--- Work to complete ---
A word-for-word copy of the data is what's wanted; pictures stay out of it.

--- Information shown ---
---
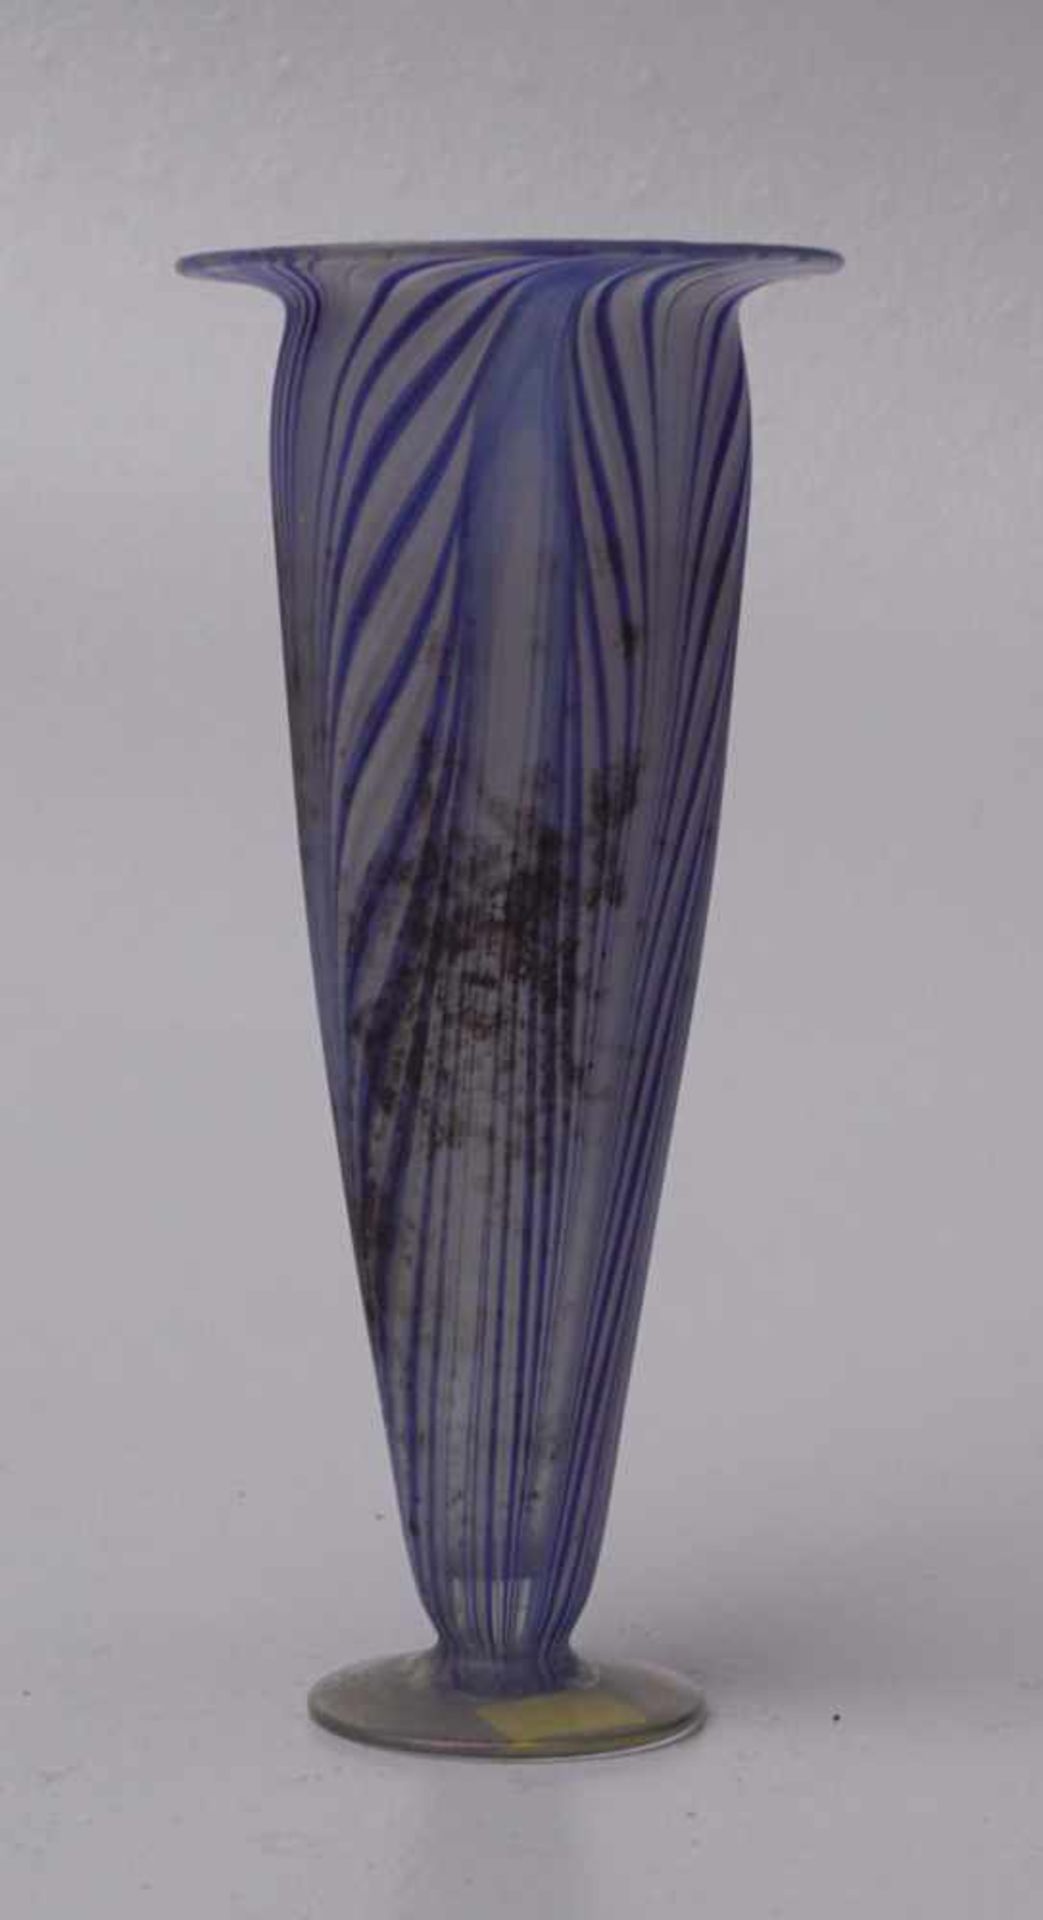 Antike Vase, Fadenglas, Italien, 18. Jhd.Farbloses Glas mit blauen, einegschmolzenen Fäden in
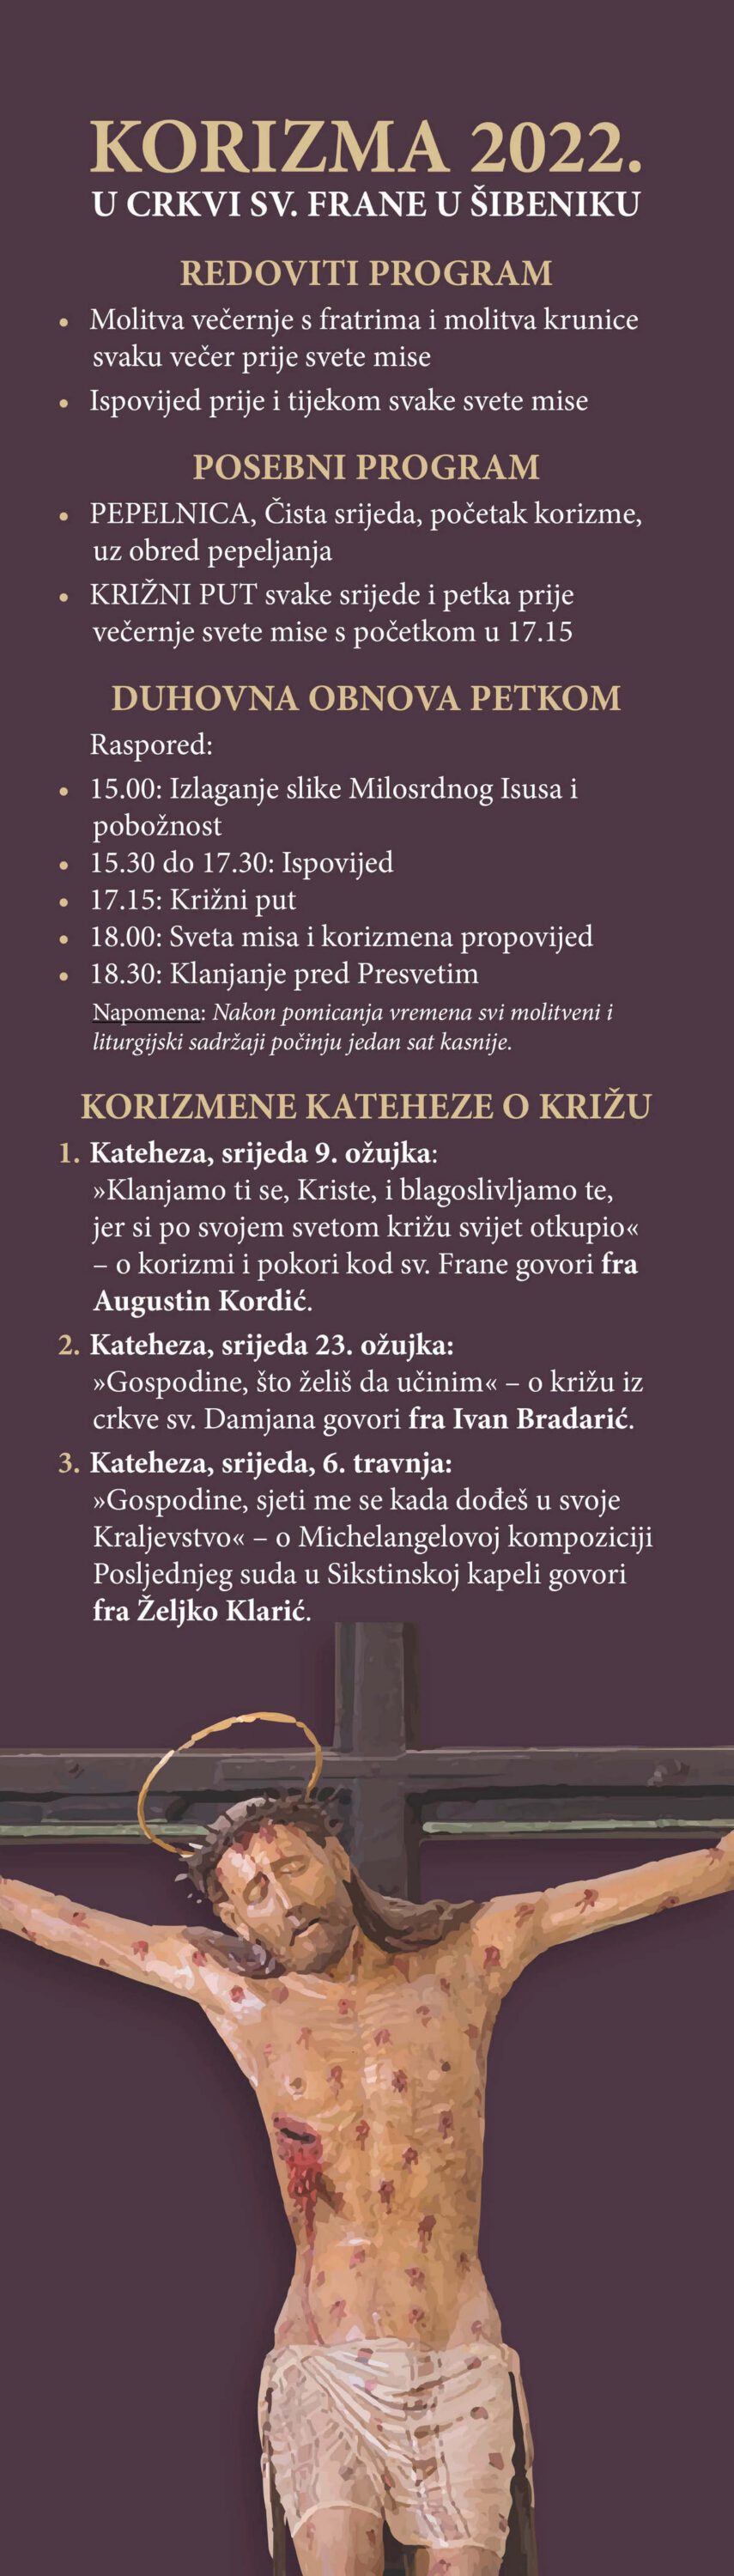 Korizma 2022. - raspored
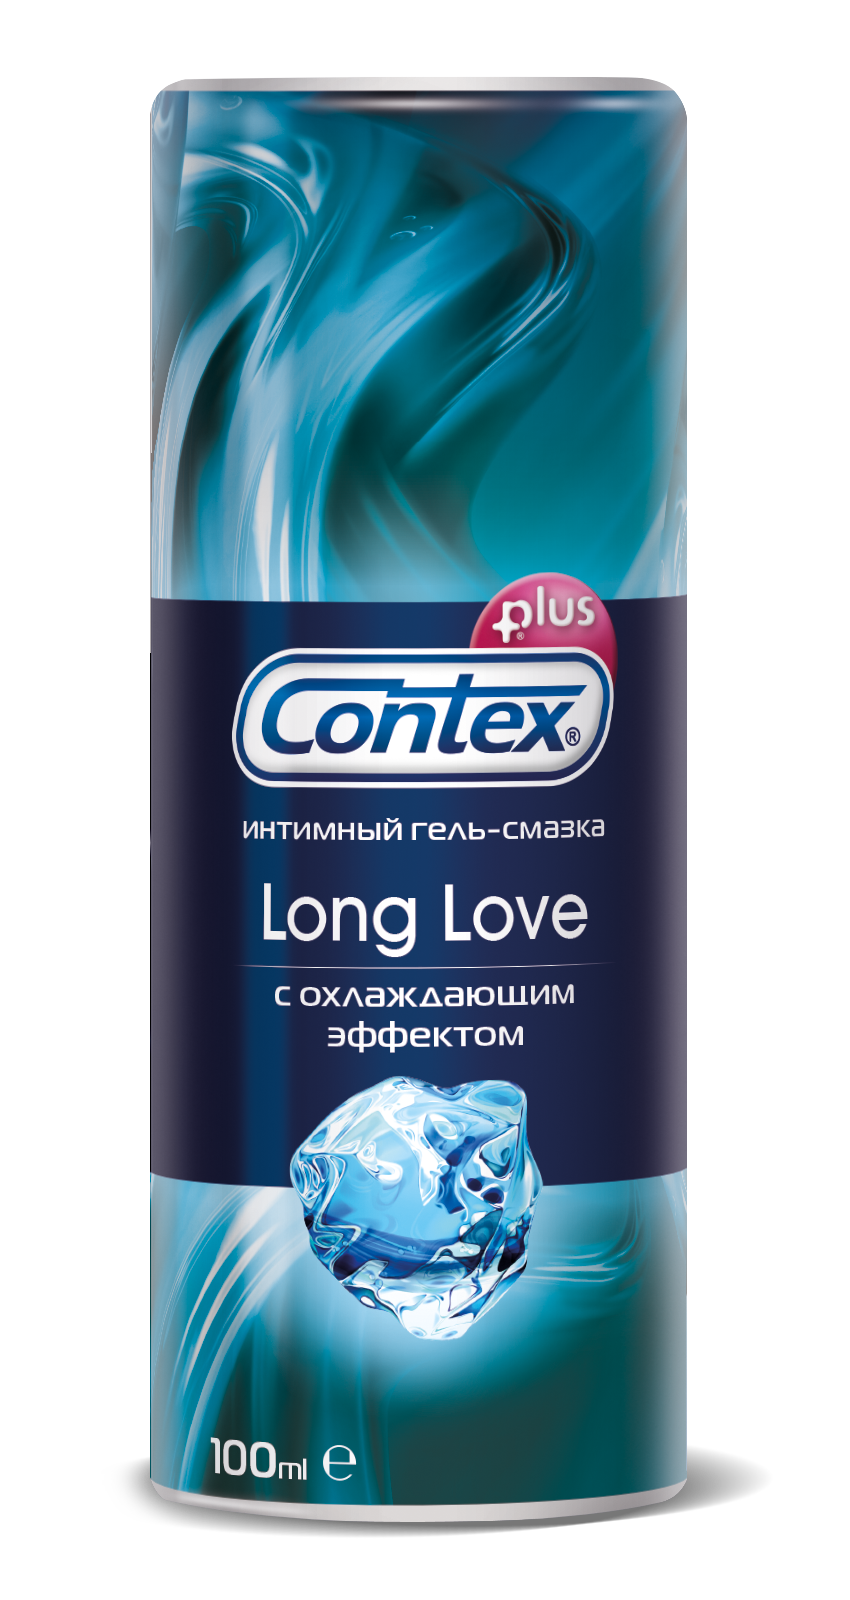 Гель-смазка Contex Long Love 100мл с охлаждающим эффектом
---
--- Response ---
 Antike Vase, Fadenglas, Italien, 18. Jhd.Farbloses Glas mit blauen, einegschmolzenen Fäden in
 Korizma 2022. - raspored
 Гель-смазка Contex Long Love 100мл с охлаждающим эффектом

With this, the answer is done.